[HN Gopher] Feature comparison of ack, ag, Git-grep, grep and ri...
___________________________________________________________________
Feature comparison of ack, ag, Git-grep, grep and ripgrep
Author : Amorymeltzer
Score : 115 points
Date : 2021-10-24 10:44 UTC (12 hours ago)
(HTM) web link (beyondgrep.com)
(TXT) w3m dump (beyondgrep.com)
| [deleted]
| waynesonfire wrote:
| Apparently,
|
| > Print lines by number
|
| is not supported by GNU grep??? $ grep --version
| grep (GNU grep) 2.25 $ cat world hello $ grep
| -Hn hello world world:1:hello
| tialaramex wrote:
| "Print lines by number" is a vague thing to say, particularly
| since the comparison later includes, "Print specific lines by
| number".
|
| However, the grep -Hn feature is described in this comparison
| as, "Prefix the line number to matching lines"
|
| One thing that can help people to compare this sort of tool is
| to pair _technical_ descriptions like command line parameters
| with the natural language explanation. If tool foo has a
| feature you 're describing as "Prevent cheesecake" then I have
| no idea if my tool bar can do that, whereas if you say this is
| -Xqm then I can read the documentation and discover that I call
| this "disable refrigerated dessert" and it's -VQb so yes, my
| tool does this too.
|
| I spent some time recently reading the proposals to fix/ extend
| C++ ranges P2214 - and because this general idea is _very
| common_ they often discuss Haskell, Rust or even Python. If you
| 're experienced in a language you already know whether it would
| spell something FlatMap, flat_map, or flatMap but you might not
| guess that C++ people would call your filter_map by the name
| transform_maybe, or as a C++ programmer who has barely dipped
| their toe in Haskell you wouldn't know that Haskell doesn't use
| the word "transform" in this context and without being told
| what it's called you won't find the relevant documentation let
| alone be able to try it for yourself and appreciate what it's
| for.
| petdance wrote:
| The "print lines by number" was there because earlier
| versions of ack had a `--line=N` feature, where you could say
| "ack --line=15-18" and print those four lines. I dropped it
| because it was hardly any better than using sed.
|
| If you've got suggestions on improvements, please submit an
| issue. I'd love to hear them.
|
| https://github.com/beyondgrep/website/issues
| dotancohen wrote:
| You can update the page with pull requests to this repo:
| https://github.com/beyondgrep/website
| blablabla123 wrote:
| Or "Limit length of output lines"... how about
| $ grep ... | head -n ...
|
| I think this feature comparison misses how grep is supposed to
| be used. (See also "Pipe output through a pager or other
| command")
| waynesonfire wrote:
| I agree. I use grep in conjunction with find and parallel to
| achieve a number of features not native to grep that are
| built-in to these other tools.
|
| I prefer tools designed with does one thing well philosophy.

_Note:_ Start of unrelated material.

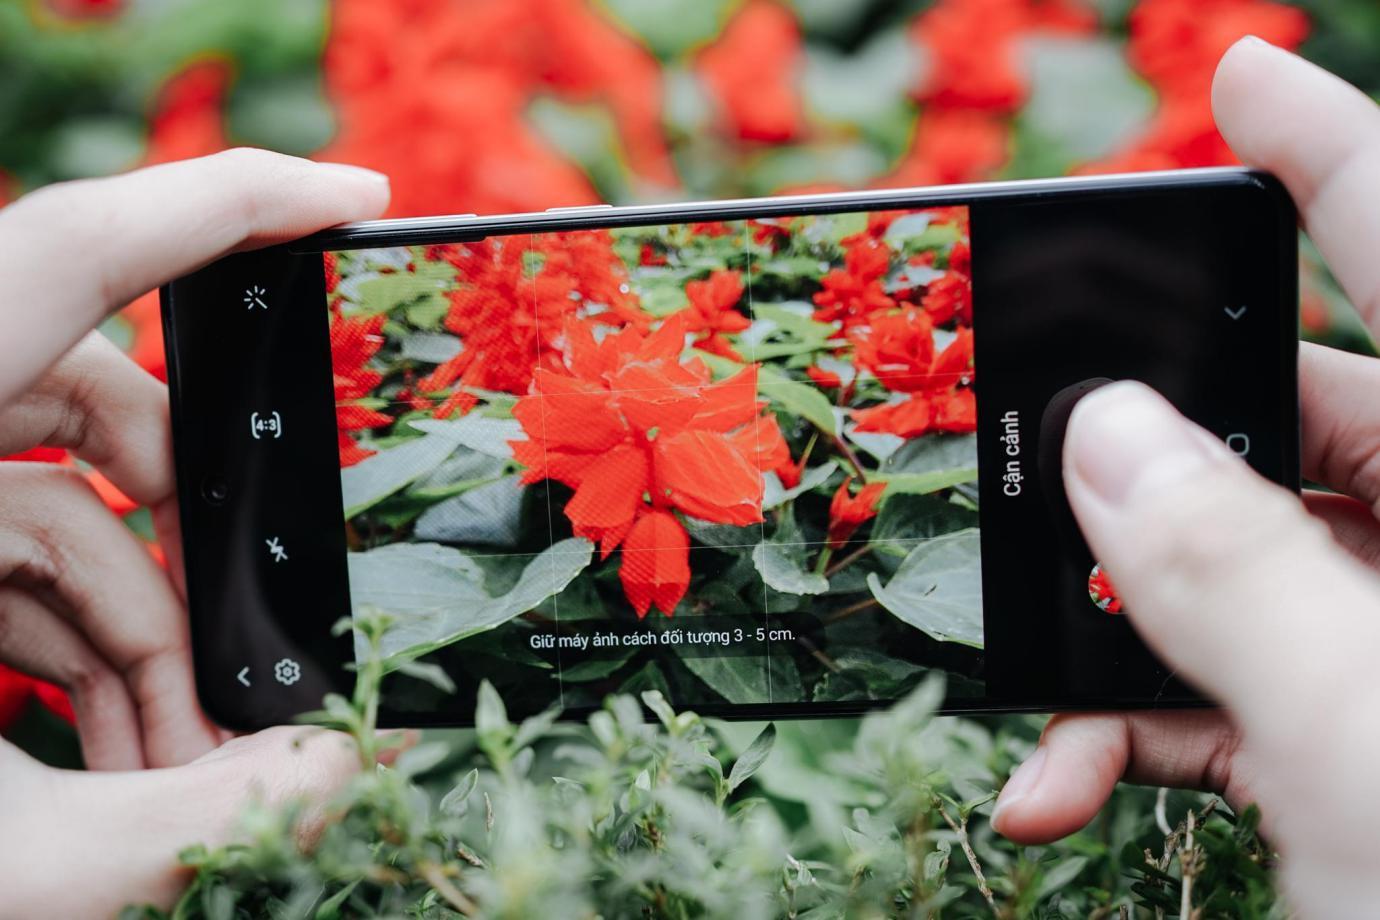 Cứ tưởng chụp bằng máy ảnh, hóa ra chỉ cần điện thoại là có những tấm hình Bắt trọn chất Art cỡ này! - Ảnh 2.

| It lets me scale my knowledge. I can solve many problems with
| find and parallel not supported by these grep clones.
| burntsushi wrote:
| ripgrep degrades just fine to a normal grep tool. And you
| can use it in `find` pipelines.
|
| > I prefer tools designed with does one thing well
|
| This is pretty unlikely. For example, you probably use a
| grep tool that will also do recursive directory traversal
| for you. It probably even has flags for defining filters on
| that traversal. Why use such a tool when `find` already
| does recursive directory traversal for you?
| ptomato wrote:
| that limits the number of output lines, not the length.
| petdance wrote:
| "grep | head" doesn't limit the length of output lines, but
| "grep | cut" would.
|
| However, ack and ripgrep's default unpiped output is grouped
| by file, and if you pipe the output, it doesn't do the
| grouped output.
|
| The idea of "supposed to be used" is also different for ack
| than it is for grep. ack is specifically less of a general-
| use tool than grep. It's meant for searching source code.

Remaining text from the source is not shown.